By Jack Calhoun
“I just want enough money to go sit on my porch, watch the clouds drift by and not have to worry about anything.”
When I was in my wealth management days, one of my clients – I’ll call him Tim – said this to me when I asked him what his wealth accumulation goal was. He said it half-jokingly, but there was a hint of truth to it as well.
At the time, Tim was the CFO of a thriving, regional manufacturing company. He worked long hours and was deeply devoted to his career. But, now in his mid 50s, Tim was burned out and longing for the day he could retire.
Within a few years, he got his wish. Tim’s company was acquired by a large national conglomerate and, thanks to his equity interest in his company, he received a hefty payday from the sale. Suddenly, Tim had all the money he needed for the rest of his life.
In the year or two that followed, Tim seemed to be living the retirement dream. He was still young enough to enjoy his money and his hard-earned freedom. He and his wife Shannon bought their dream house, and they traveled a lot. Tim played golf a few times a week and kept busy doing projects around the house.
"He just mopes around all day"
After a couple of years, though, Tim’s demeanor seemed to change. He got crankier and less engaging. It became harder for me to convince him to meet for lunch - he preferred to just talk on the phone.
Then Shannon called me one day and asked me to meet with her one-on-one in our office. This was unusual, because she had always come in with Tim in the past.
When we met, Shannon asked me to go over their financial situation (which was still in great shape). But then she asked if we could talk about Tim.
“I don’t know what to do about him,” she confided to me. “I can’t get him out of the house. He hardly ever plays golf anymore. He just mopes around all day. He doesn’t have anything to do, and he doesn’t have many friends. I think he’s depressed, but I can’t get him to talk to anyone.”
Shannon seemed to want guidance from me about how to get Tim out of his funk. But I was in my late 30s at the time, and I had no guidance to offer.
As Tim’s financial advisor, I had checked all the boxes I was responsible for when we did his retirement planning. We did the income calculations, estate planning and Monte Carlo simulations to be sure his portfolio could withstand thousands of different stock market scenarios.
To me, Tim seemed to have done everything the right way. He worked his tail off for 30 years, made a bunch of money and rode off into the sunset to go do whatever he wanted to do, and not have to do anything he didn’t want to do. How could he not be happy? Wasn’t that the whole point?
I couldn’t understand it then, but now - 20 years later - I understand it completely. Because I went through it myself when I sold my company and left my own career behind.
It turns out that the financial planning is only one part of the puzzle, and it’s the part that’s a lot easier to solve than the other, intangible part:
How are you going to stay engaged and purposeful when your first career is over? What’s your new mission going to be?
At this point, you may be thinking, “Yeah, right. Give me a big payout and I’ll find something to do!”
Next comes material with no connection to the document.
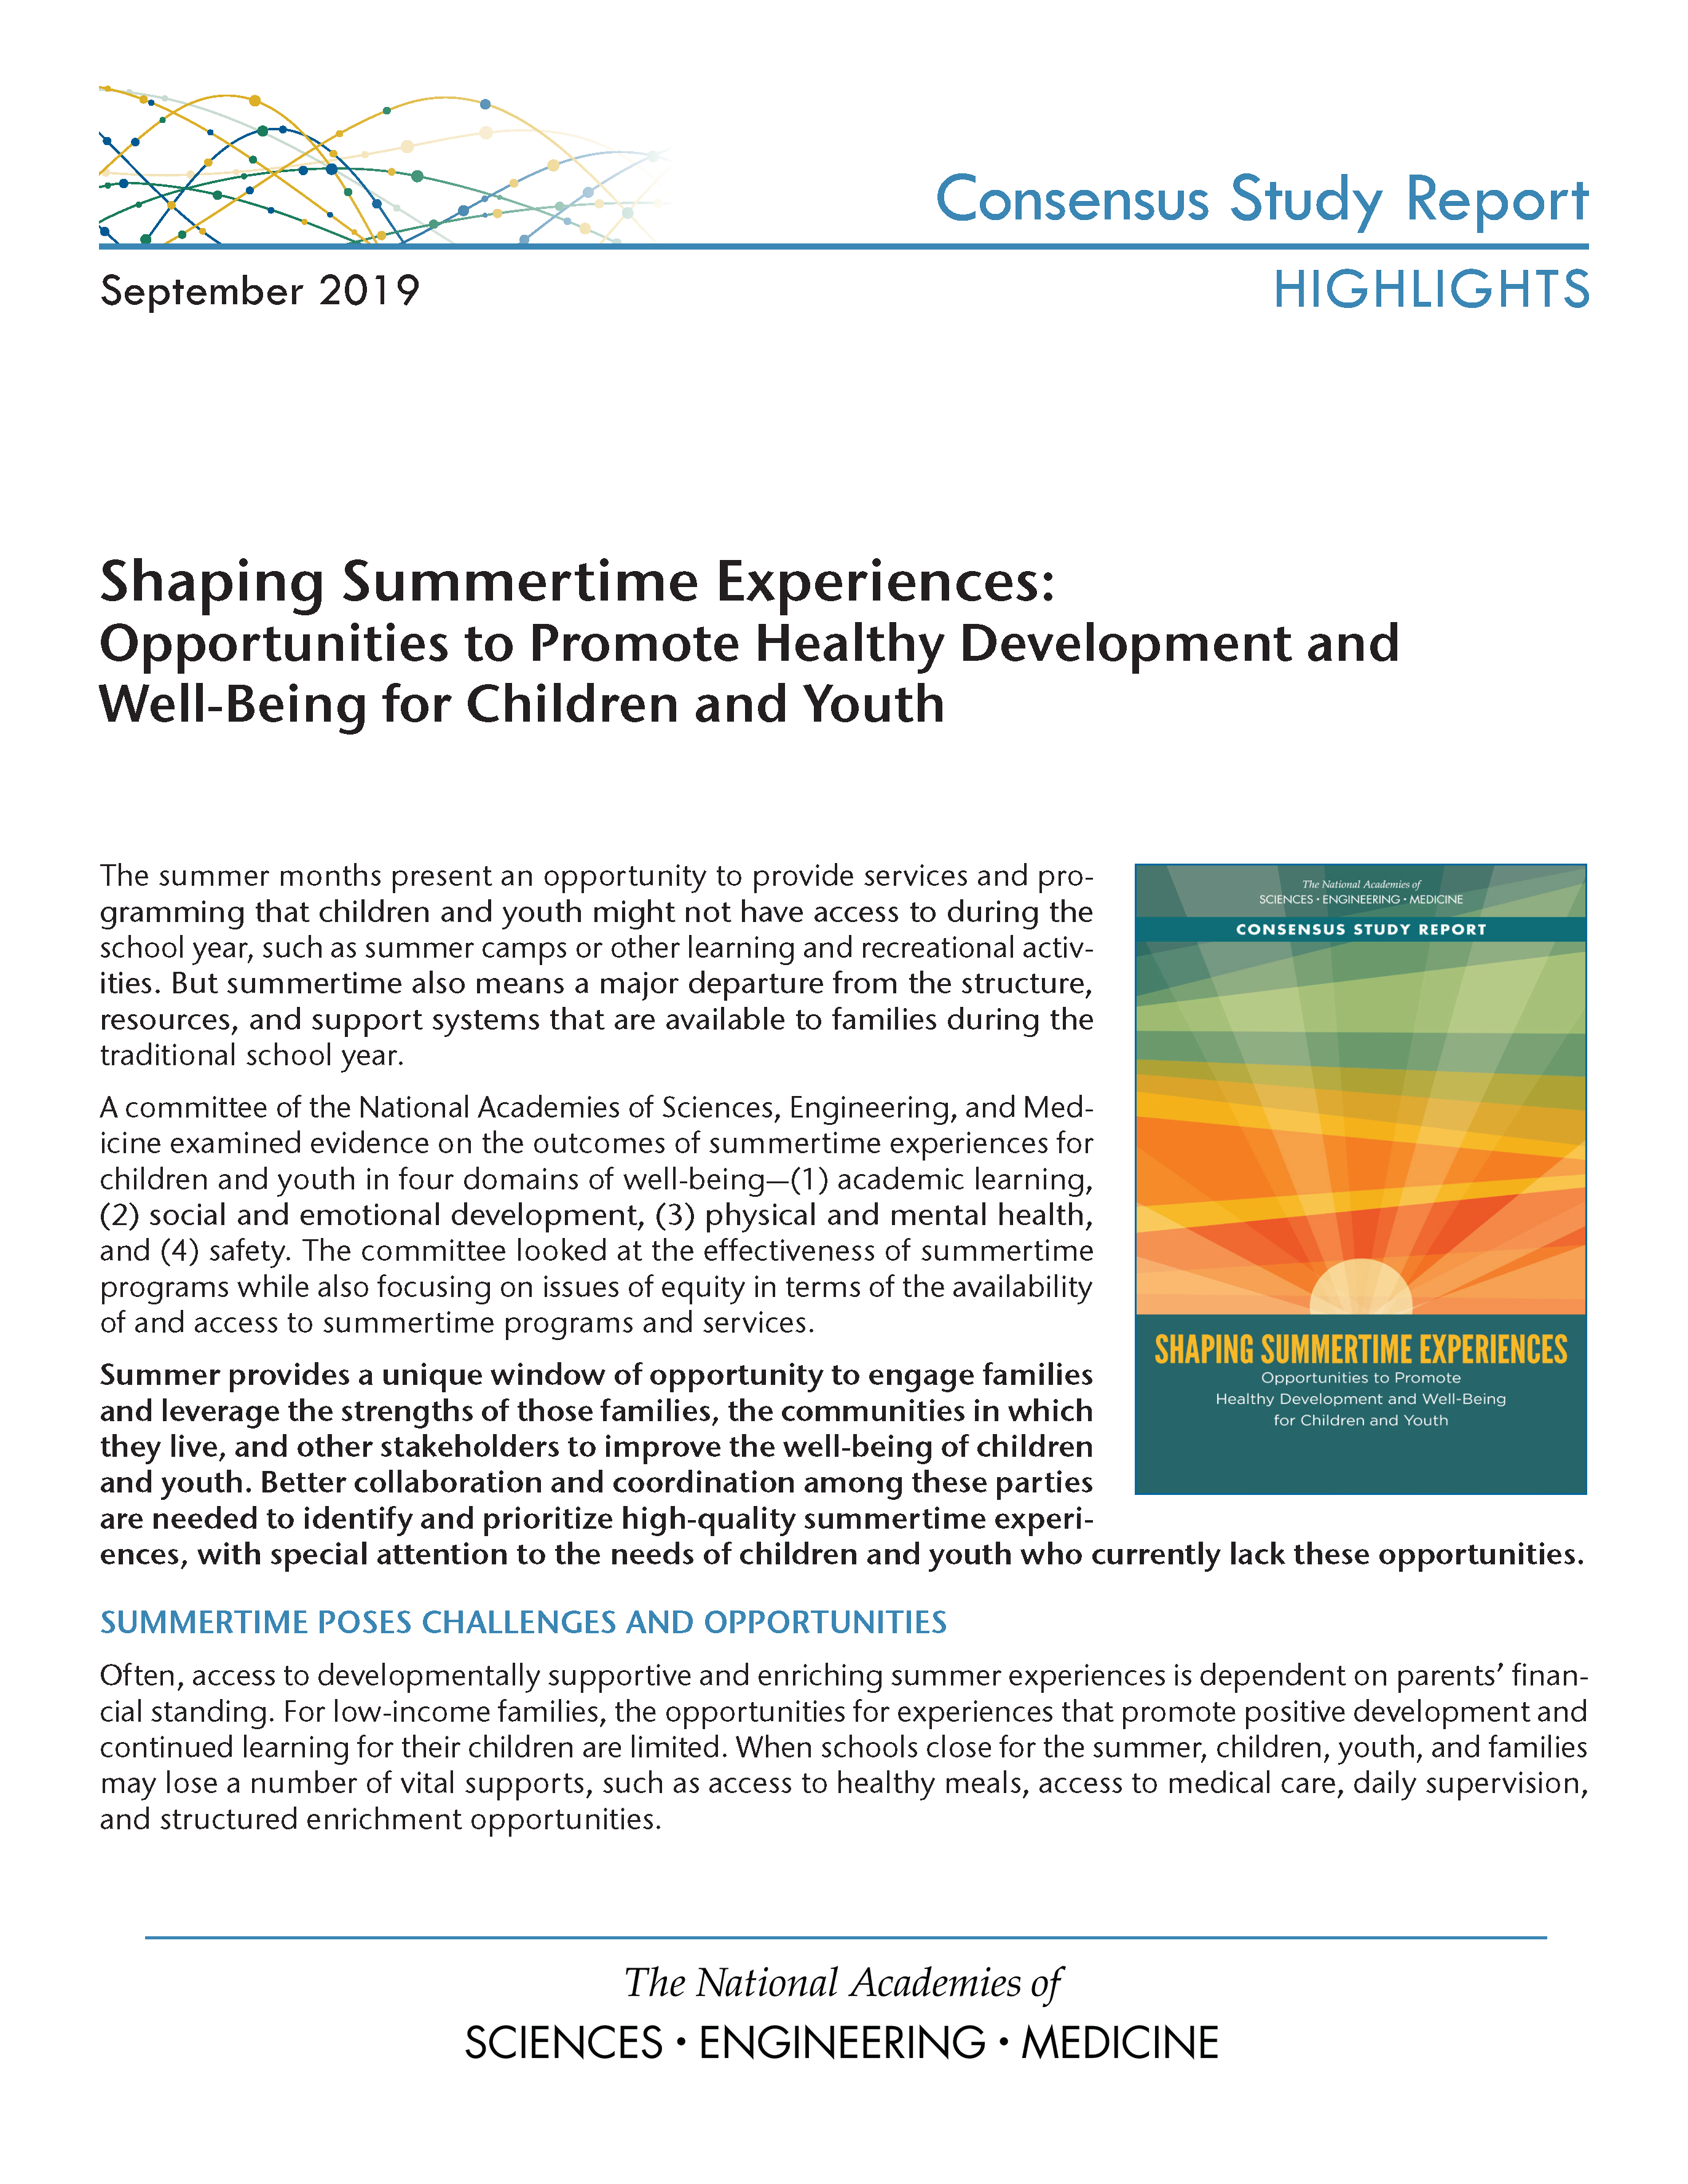 Shaping Summertime Experiences: Opportunities to Promote Healthy  Development and Well-Being for Children and Youth

But figuring out what that “something” is doesn’t just fall in your lap. Like Tim, many people – especially those who are high achievers – find going from a 90-mph career to full-stop retirement to be jarring and disorienting.
Here’s a post I saw recently in a Facebook retirement group discussion:
“Retired three years ago as an international airline pilot. Haven’t adapted well. Suppose it’s a Tuesday morning, temp outside is 42 degrees, it’s 10 a.m. You’ve had a bite, listened to the news, worked out for an hour. Now what? What do you do the rest of the day and tomorrow and the next?”
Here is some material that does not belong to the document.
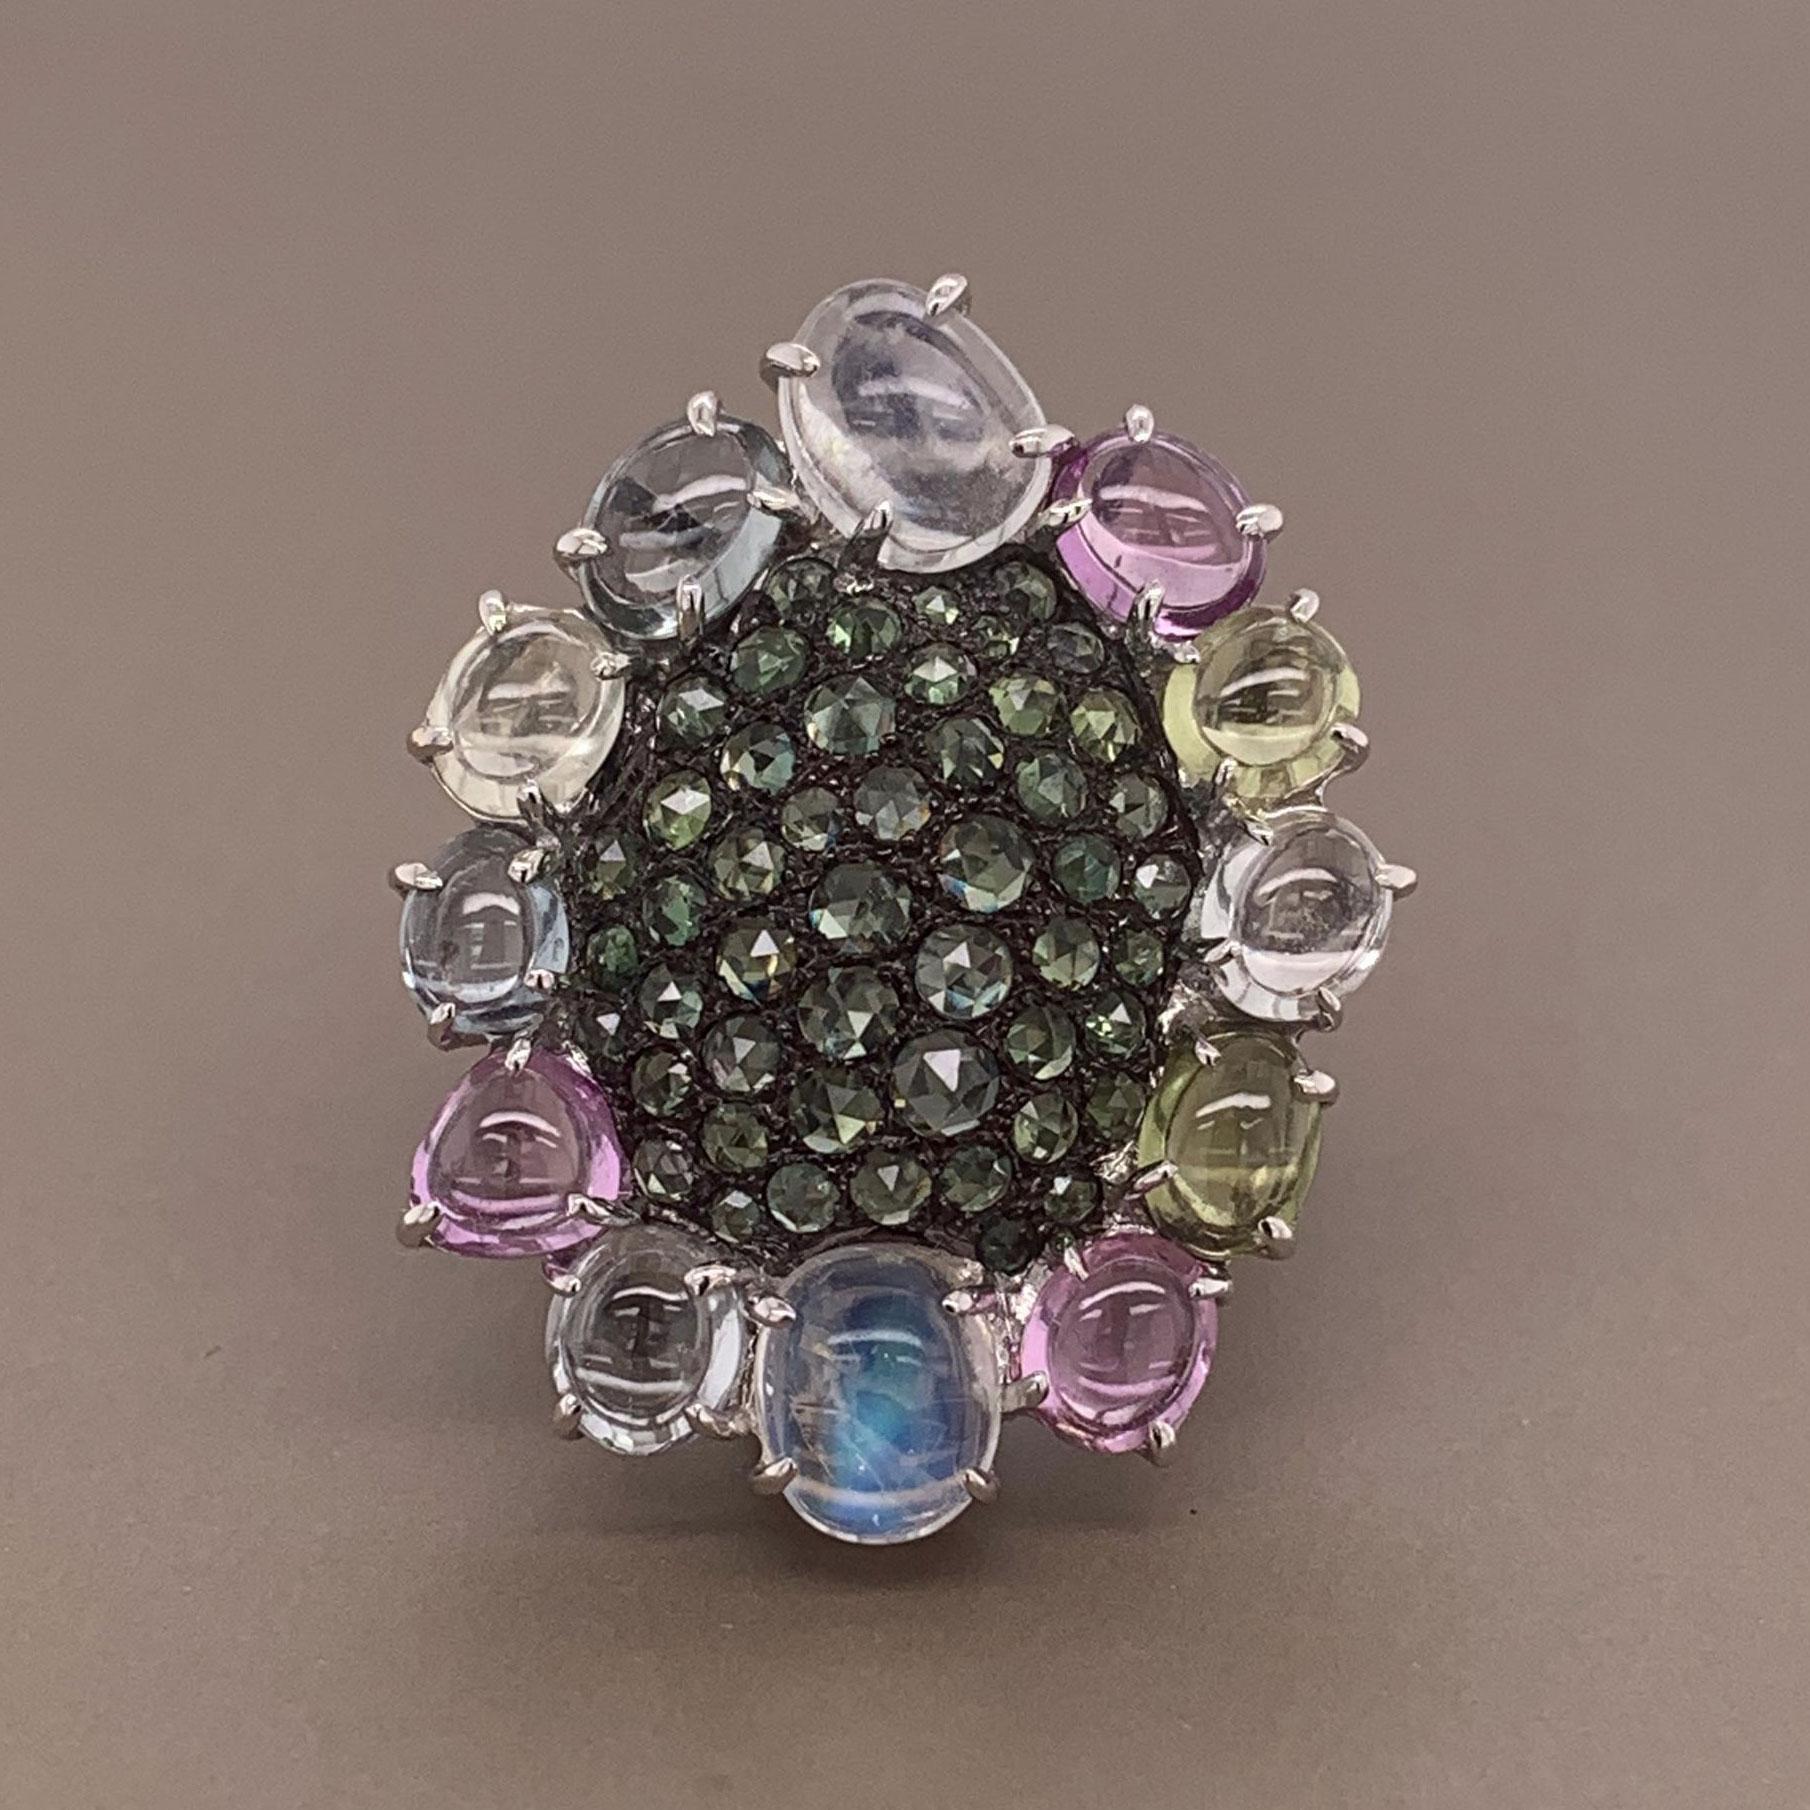 A fun multi-color cocktail ring featuring sapphires, diamonds and moonstones. There are 11.82 carats of sapphire and moonstone cut as large cabochons and smaller rose cuts in the center of the ring. They are complemented by 0.38 carats of round cut

Freedom to do anything vs. freedom to do nothing
This is what I call the “wondering and wandering” phase of retirement. It comes right after the “endless vacation” phase, after your travel bucket list is checked off and you’ve played all the golf and planted all the tomatoes you can stand.
That’s when most people realize they need that next new thing in their life, the thing that’s going to keep getting them out of bed in the morning. Because it turns out that being free to do anything is great, but being free to do nothing gets old really fast.
As author David Brooks said in his viral Ted Talk, “Freedom isn’t an ocean you want to spend your life in. Freedom is a river you want to get across so you can plant yourself on the other side – and fully commit to something.”
You need a plan and a process to help you find your next thing to commit to; one that helps you navigate what is likely going to be a period of time nearly as long as you spent in your first career. Maybe even longer.
Because if you don’t have a plan and a vision for your next thing, “nothing” becomes your default. And before you realize it, nothing becomes all you know.